One notable difference in the approach of the two artists is the moments they have selected and omitted as photographic evidence of their actions. We see Ai holding the vase, we see it mid-air and then shattered on the ground. Ai looks directly at the viewer, presents the vase, releases it and stands motionless and emotionless as it lies broken beneath him. Throughout this sequence his gaze challenges our own reactions to the act, giving no hint of his own thoughts from which to proceed. Klein’s work, conversely, shows only the moment of flight – no apprehensive moment before, no disastrous consequences after. Klein’s face reveals elation at the emotional possibilities of his leap. He looks towards the sky, expecting that at any moment he will be soaring towards it (the reality of his judo friends wielding a tarp below remains hidden from the viewer in the final photomontage and Klein does not let on). Both artists have placed the consequences of their actions with us and our reactions.

The act of falling is momentarily freeing but ultimately destructive. There is an openness and lightness to Klein’s work which is absent in Ai’s, however both works retrospectively embody a simultaneous optimism and fatalism. Yves Klein’s untimely death from heart failure in 1962[5] was prefaced by this fearless image. Ai Weiwei, like the vase in the central image in Dropping a Han dynasty urn, remains in limbo as the Chinese government restricts his movements and prevents him from continuing the activities that have defined his practice.[6] Where Klein was “motivated by the idea of presenting absence as a conduit to reaching a higher, transcendental plane of existence”[7] Ai’s image brings us crashing back to earth.

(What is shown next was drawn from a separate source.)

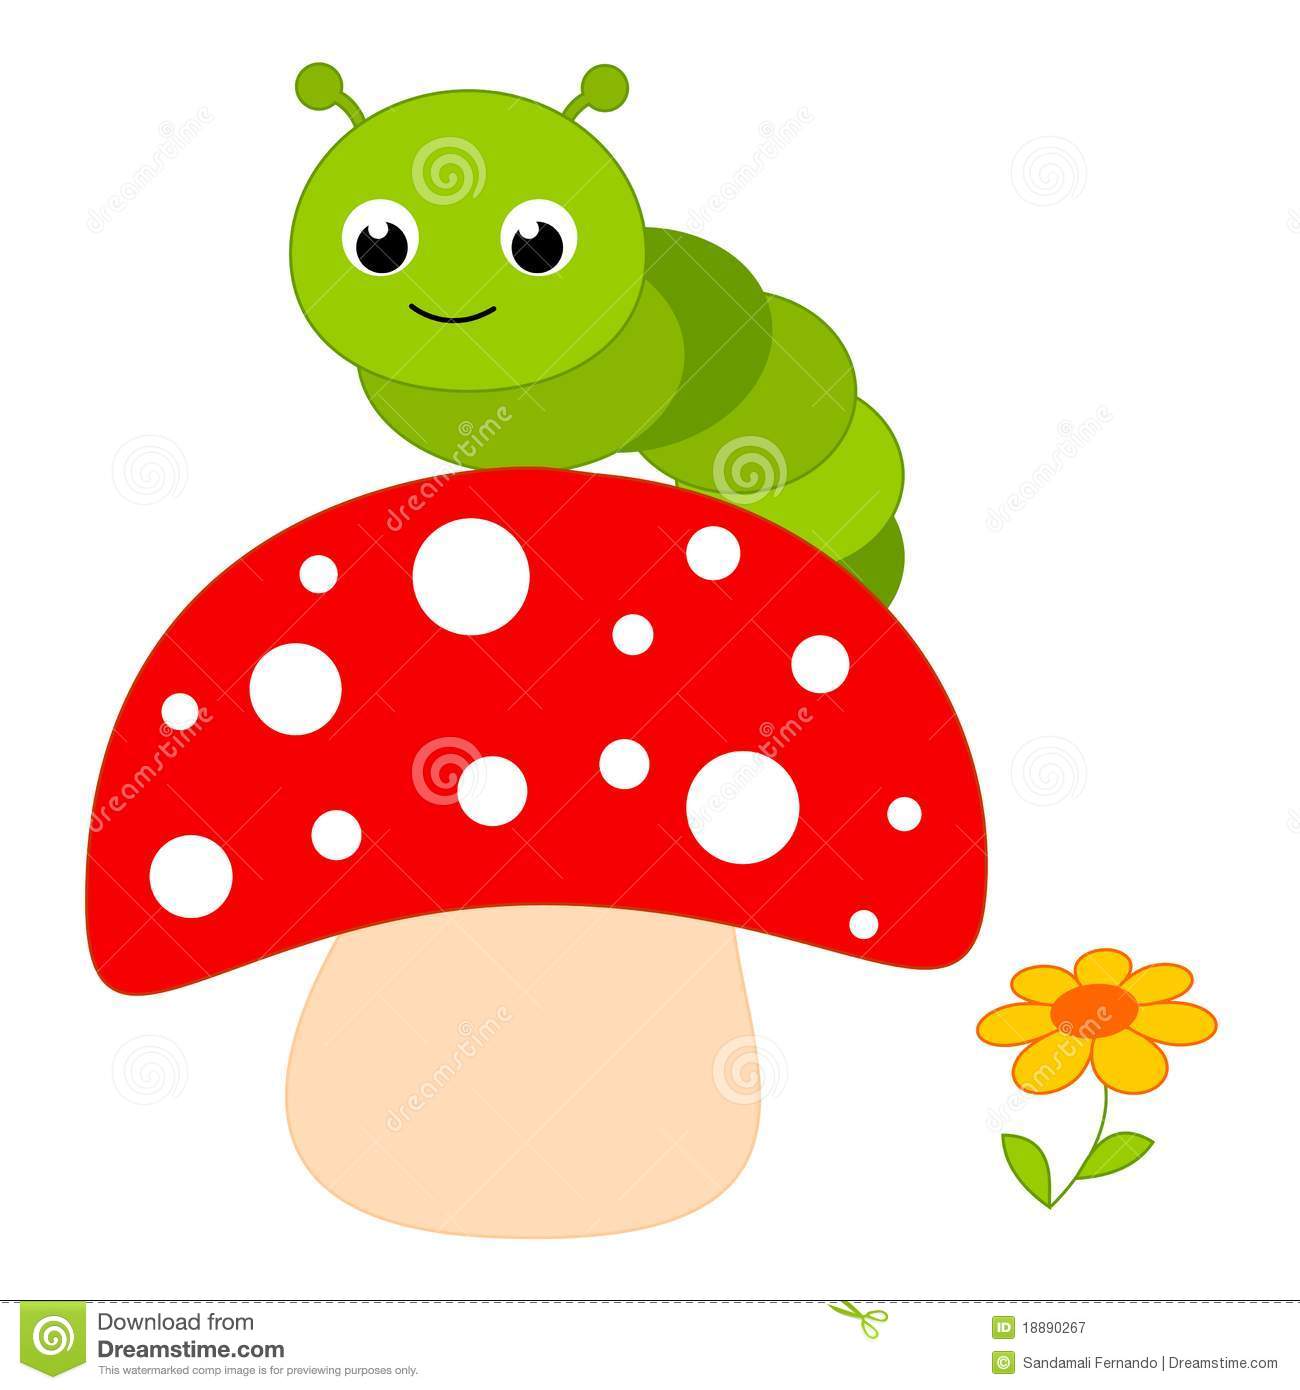 Illustration Of A Cute Little Worm On Colorful Mushroom Isolated On

[1] Tiffin, Sarah. Refined Anarchy in The 5th Asia-Pacific Triennial of Contemporary Art exhibition cataogue, Brisbane: Queensland Art Gallery, pub. 2006, p.52

[2] Rorimer, Anne. New Art in the 60s and 70s – Redefining Reality, London: Thames and Hudson, pub. 2001, p.13

[3] Moquay, Daniel; Vergne, Philippe; Brougher, Kerry: Opening-day talk: Yves Klein: With the Void, Full Powers on Walker Art Centre YouTube Channel, http://www.youtube.com/watch?v=8U_wMyL1VlA, accessed August 2012.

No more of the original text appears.